How to effectively fit a set of numbers into a predetermined distribution

Say I have a set of numbers and I want to sum them to fit cohorts based on a predetermined distribution. A simple example would be if the cumulative amount of a set of numbers is 100 and the distribution is 0.2, 0.3, 0.5 for cohorts 1,2 and 3 respectively then I'd want to find a subset of numbers whose sum is 20, another unique subset whose sum is 30 and a final unique subset whose sum is 50. Obviously it doesn't have to be exact it just must match the distribution reasonably closely.
I have a way in vba in which I can utilize the solver addin to find the best way to take a subset of numbers within a set of numbers and get close to (within 3000 say) a predetermined distribution. This involve using a sumproduct with a binary 0,1 constraint and the list of numbers, and then finding the difference between the total amount required at that cohort and the sumproduct described.
Once this has been done, any number in this subset is removed and we perform the solver method with a shrunk subset. I have attached an image of the procedure's evolution that I hope is clear, the colors correspond to the iteration. The first (green) iteration we have the full list and the variables that change are those in the corresponding green column containing 0/1, to get a sum product close to 142,449.09
Note the sum of the full list is: 1,424,490.85 in this example.
The "Difference" line is the solver objective, and after each iteration the objective is one column shift to the right. (I have set it so that if the difference is within 1000 then it displays zero - as this appeared to speed up the method). The simulated is that calculated from the corresponding colored sumproduct and the theoretical is simply just the probability multiplied by the total sum of all the numbers.
I have attached the code below but in reality this method isn't time effective, especially if I have to do this across multiple datasets - which is the reality of the problem.
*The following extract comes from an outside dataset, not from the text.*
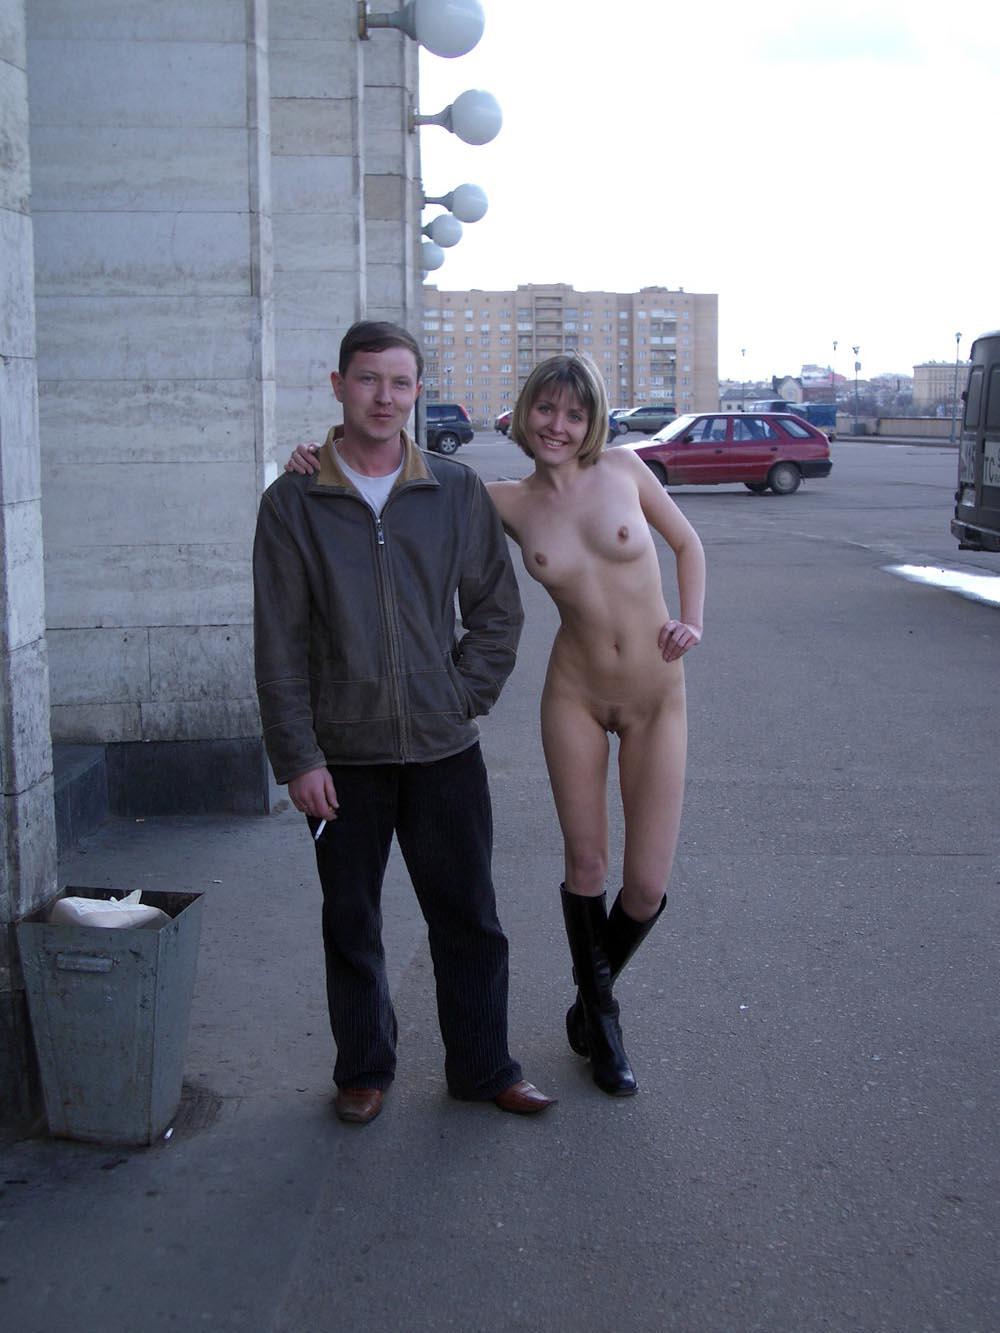 голые парни с одетыми девушками по улице фото 24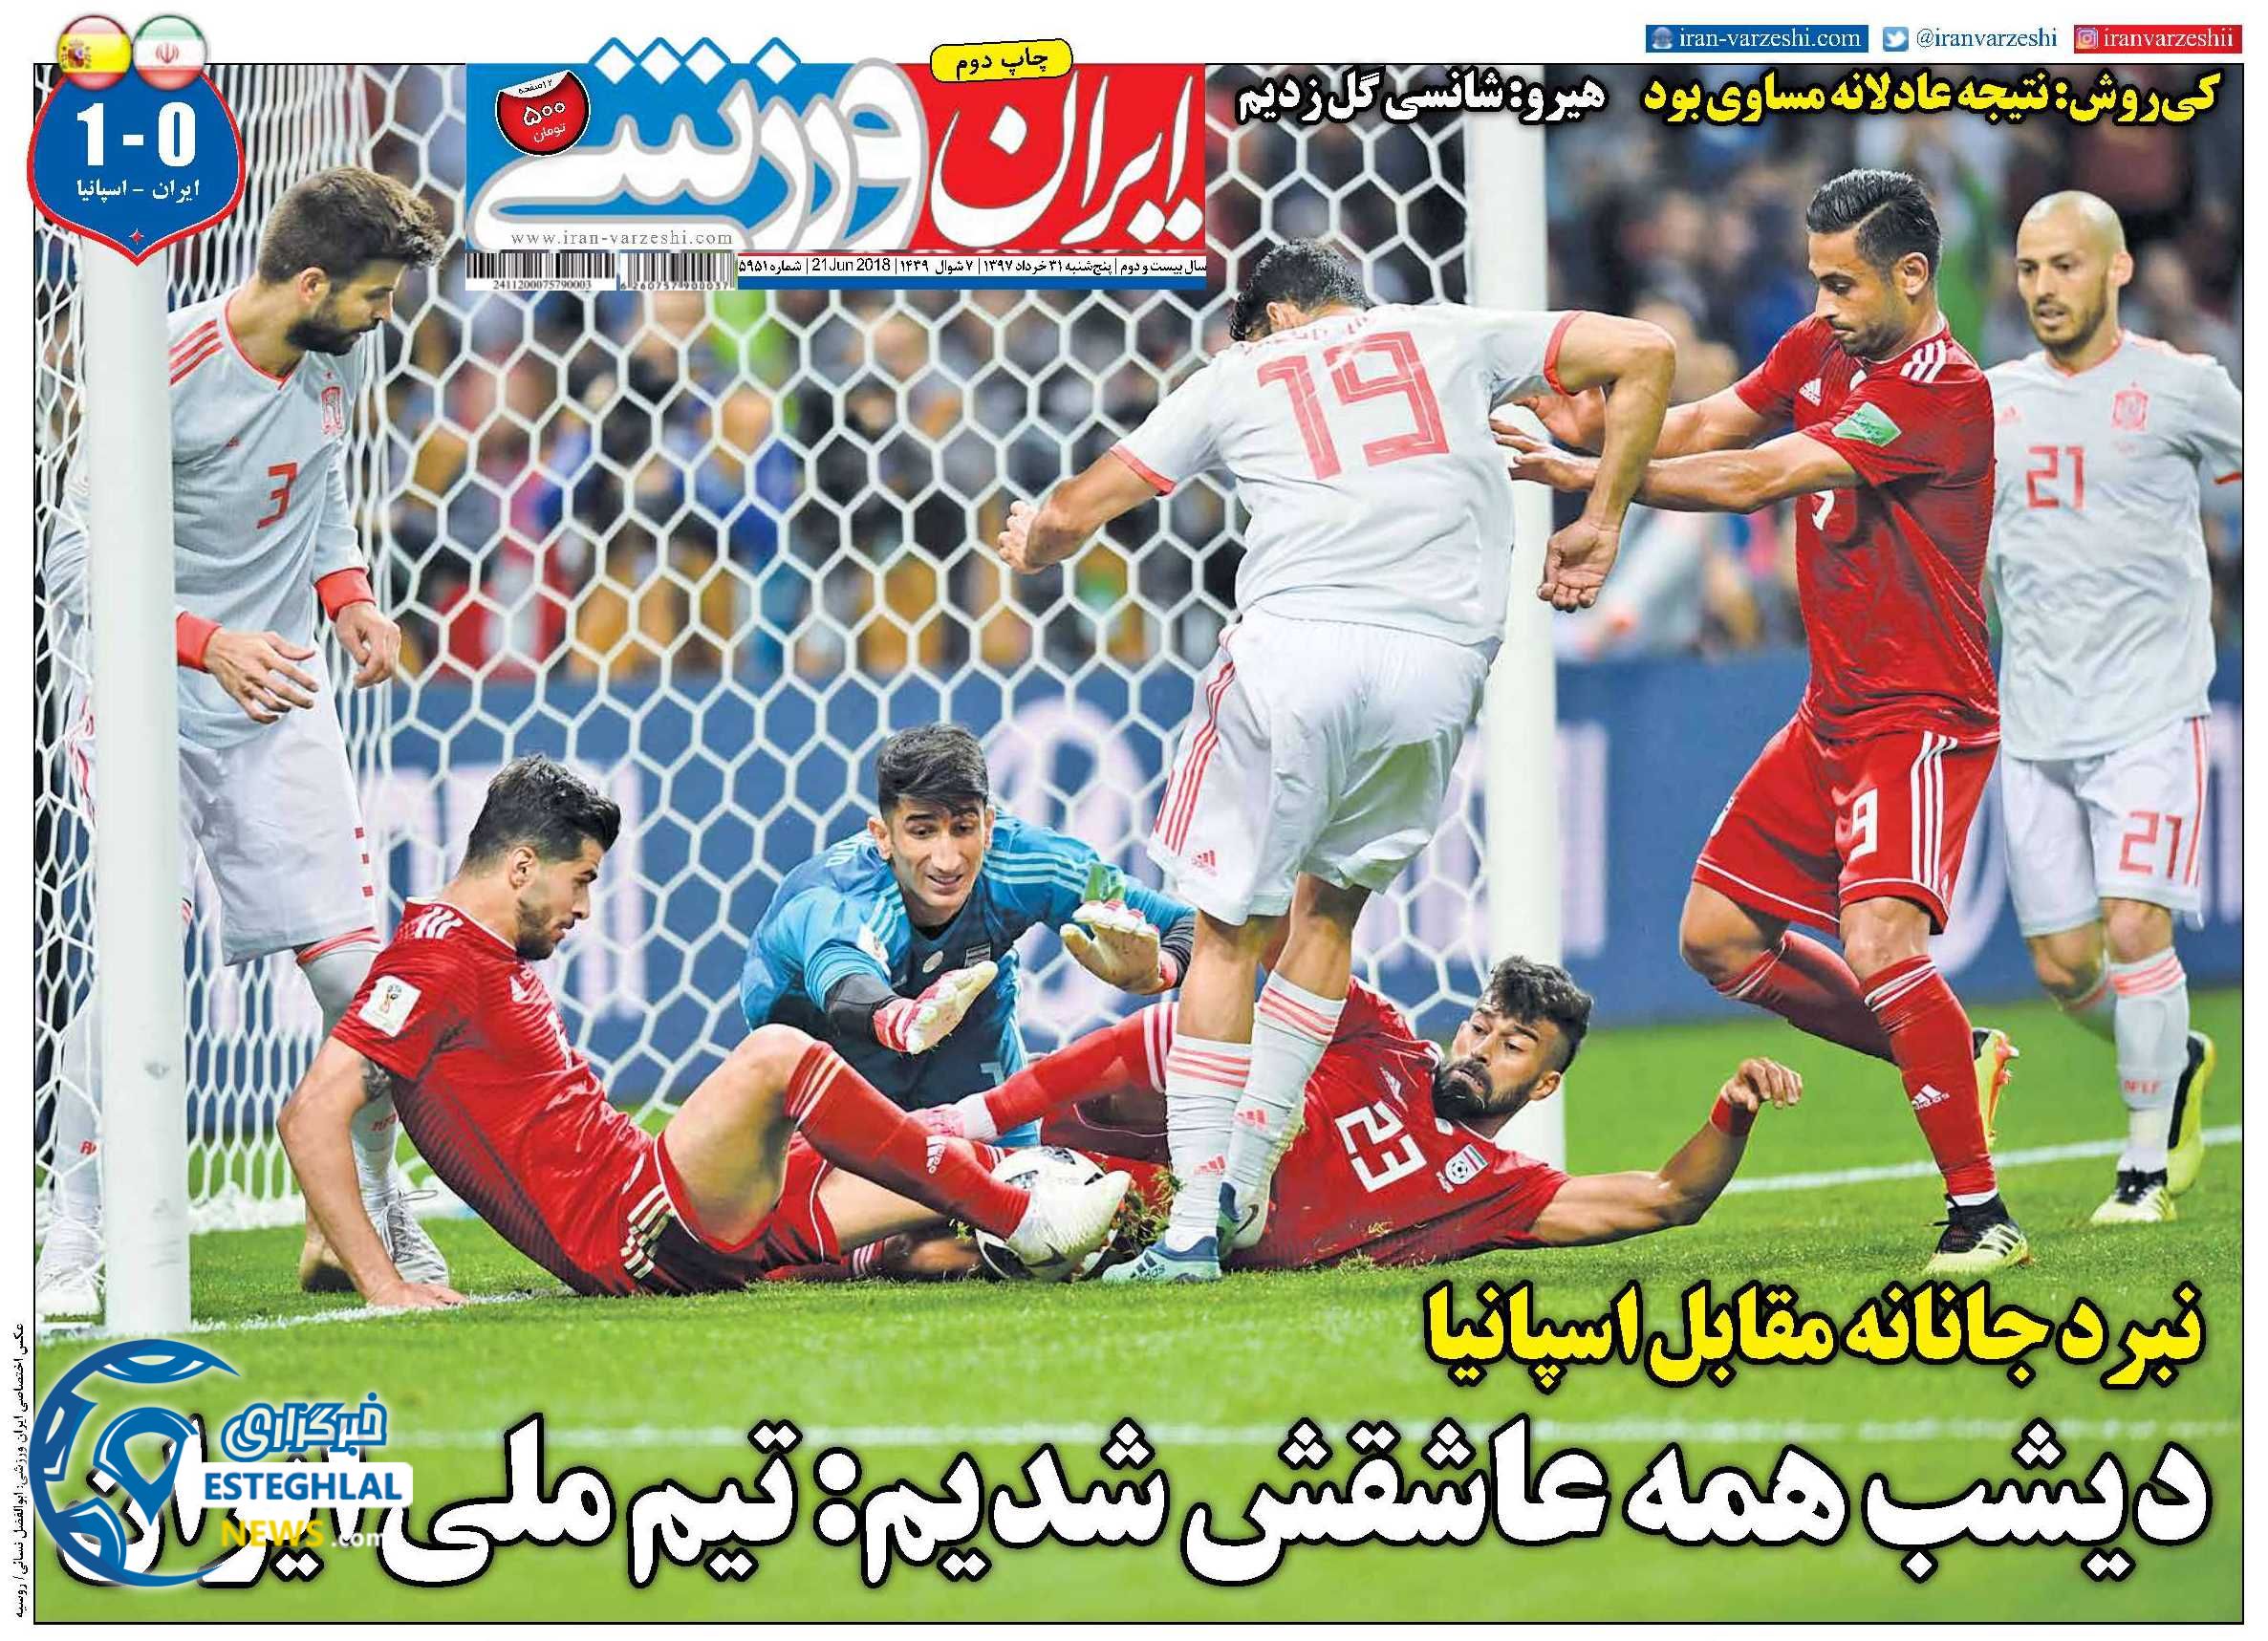   روزنامه ایران ورزشی پنجشنبه 31 خرداد 1397

I'd like to be able to move this project into a more efficient language like R (which I've had experience with - albeit not to a high degree), as I believe it could do this process quicker and more effectively?
I am also aware my algorithm has flaws as some of the later cohorts won't be as accurate as we are observing a smaller dataset. It seems to include zeros in the sum product which I don't want it to do (see grey column). Also I want all the numbers to be used and sometimes a number will be omitted as it's inclusion means it is further away from the theoretical distribution. I am not sure how to do the above so I'd appreciate some advice on this front.
Has anyone done such a thing in R?
I also understand this could be a problem for Cross Validated - I really wasn't sure so feel free to move. I have attached the code and the tables in text form below.
Thanks in advance,
Sub solversimple()
Dim wb As Workbook
Dim ws As Worksheet
Dim rCell, rIter, rSum
Dim i as Integer
Set wb = Application.ThisWorkbook
Set ws = wb.Sheets("Output")
For i = 1 To 5
rCell = ws.Range("q8").Offset(0, i - 1).Address
rChange = ws.Range("h4:h36").Offset(0, i - 1).Address
rSum = ws.Range("I5:I39").Offset(0, i - 1).Address
solverreset
SolverOk SetCell:=rCell, MaxMinVal:=2, ValueOf:=0, ByChange:=rChange, _
Engine:=3, EngineDesc:="Evolutionary"
SolverAdd CellRef:=rChange, Relation:=5, FormulaText:="binary"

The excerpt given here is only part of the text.